Primary and Secondary Stores

Each account can own multiple FungibleStores but only one is primary and the rest are called secondary stores. The primary store address is deterministic, hash(owner_address | metadata_address | 0xFC). The secondary stores are created as needed and derived typically from GUID-based objects.
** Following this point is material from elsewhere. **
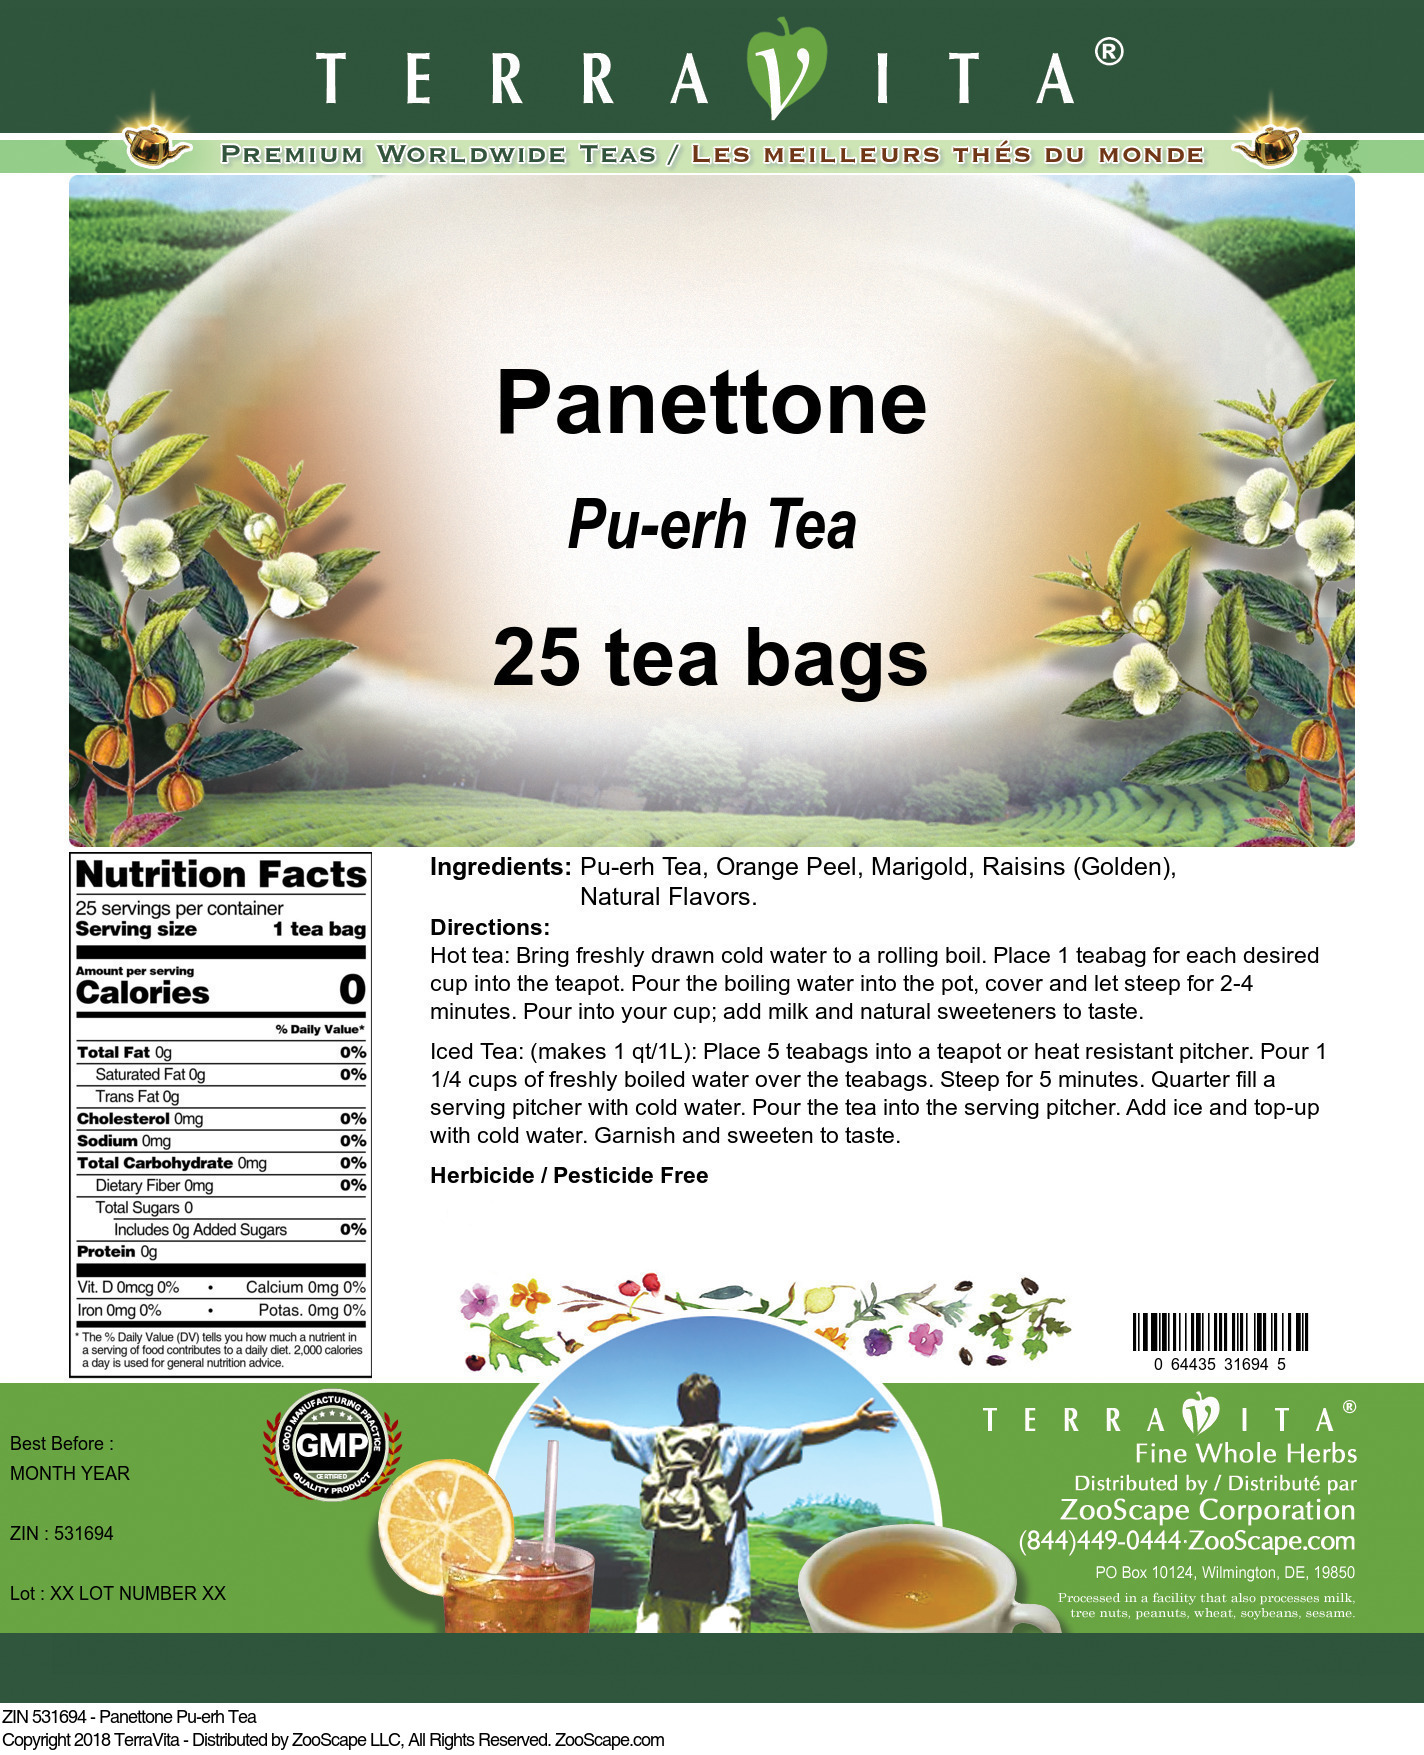 Panettone Pu-erh Tea
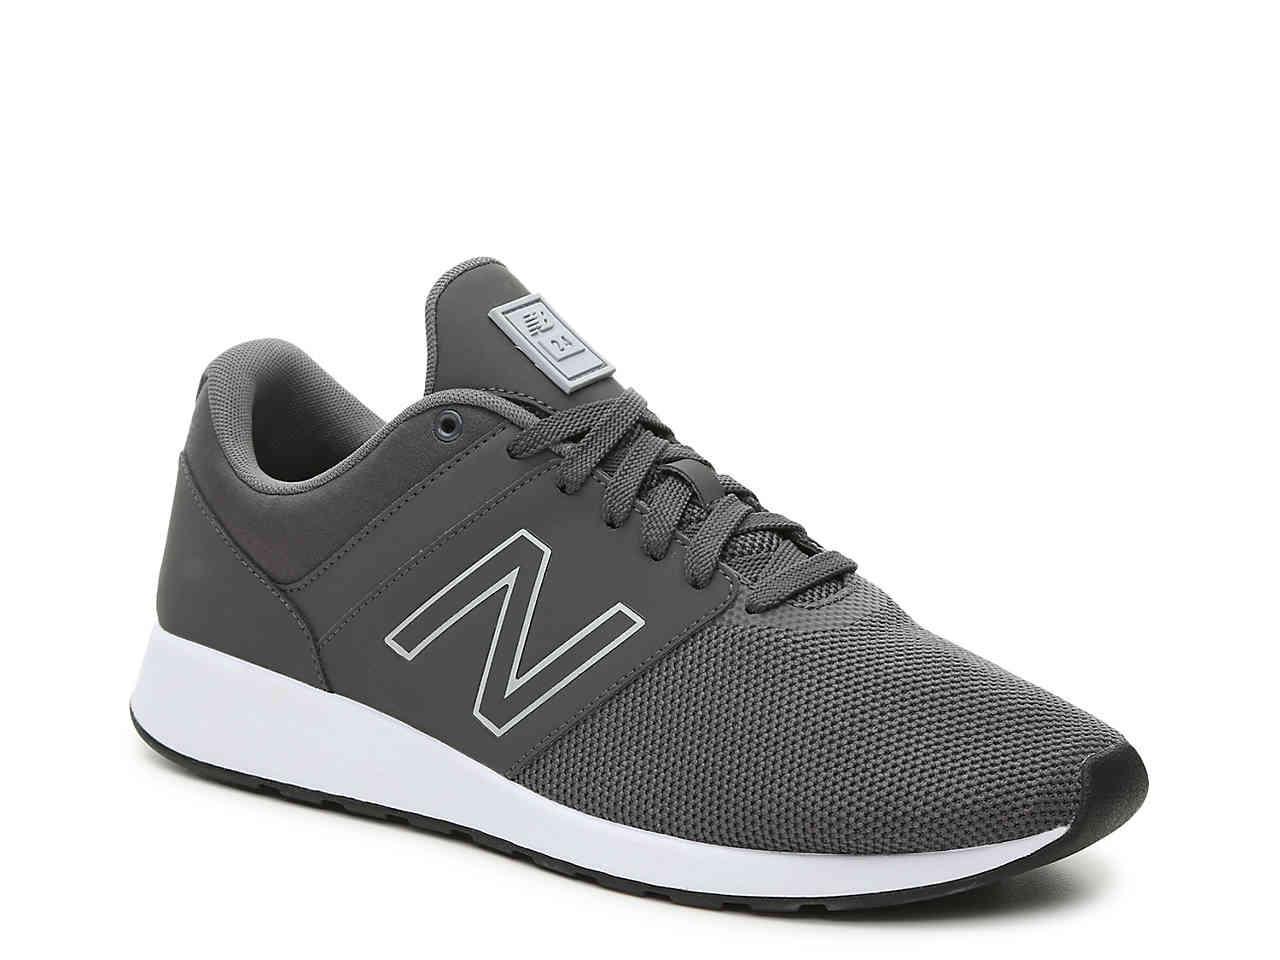 New Balance 1260 low

The key features of a primary store are:

  1. The primary store object address is deterministic so that transactions can seamlessly access with knowledge of owner's account address.
  2. Primary stores will be created upon transferring of assets if they do not exist.
  3. A primary store cannot be deleted.

Reference Implementation

aptos-labs/aptos-core#7183

aptos-labs/aptos-core#7379

aptos-labs/aptos-core#7608

Fungible asset main APIs

public entry fun transfer<T: key>(sender: & signer, from: Object<T>, to: Object<T>, amount: u64)
public fun withdraw<T: key>(owner: & signer, store: Object<T>, amount: u64): FungibleAsset
public fun deposit<T: key>(store: Object<T>, fa: FungibleAsset)
public fun mint( ref: & MintRef, amount: u64): FungibleAsset
public fun mint_to<T: key>( ref: & MintRef, store: Object<T>, amount: u64)
public fun set_frozen_flag<T: key>( ref: & TransferRef, store: Object<T>, frozen: bool)
public fun burn( ref: & BurnRef, fa: FungibleAsset)
public fun burn_from<T: key>( ref: & BurnRef, store: Object<T>, amount: u64)
public fun withdraw_with_ref<T: key>( ref: & TransferRef, store: Object<T>, amount: u64)
public fun deposit_with_ref<T: key>( ref: & TransferRef, store: Object<T>, fa: FungibleAsset)
public fun transfer_with_ref<T: key>(transfer_ref: & TransferRef, from: Object<T>, to: Object<T>, amount: u64)

Fungible store main APIs

# [view]
public fun primary_store_address<T: key>(owner: address, metadata: Object<T>): address

# [view]
/// Get the balance of `account`'s primary store.
public fun balance<T: key>(account: address, metadata: Object<T>): u64

# [view]
/// Return whether the given account's primary store is frozen.
public fun is_frozen<T: key>(account: address, metadata: Object<T>): bool

/// Withdraw `amount` of fungible asset from `store` by the owner.
public fun withdraw<T: key>(owner: & signer, metadata: Object<T>, amount: u64): FungibleAsset

/// Deposit `amount` of fungible asset to the given account's primary store.
public fun deposit(owner: address, fa: FungibleAsset)

/// Transfer `amount` of fungible asset from sender's primary store to receiver's primary store.
public entry fun transfer<T: key>(sender: & signer, metadata: Object<T>, recipient: address, amount: u64)

Risks and Drawbacks

  • Making an asset fungible is not an irreversible operation and there is no way to clear the fungible asset data if not needed any more. Though one could burn all representations of that fungible asset.
  • The use of primary stores has some implication on performance as the application must perform a SHA-256 hashing algorithm to access each asset in a transaction. At the same time, object indexers are still in their infancy and secondary stores are not readily available.

Future Potential

As this standard stabilizies, we anticipate SDK and indexing solutions to eliminate the need for the primary store allowing for clearer transaction transcripts as well as a path towards better parallelization of transactions on-chain.

Suggested deployment timeline

On Devnet by early April, on Testnet by mid April and Mainnet by early May.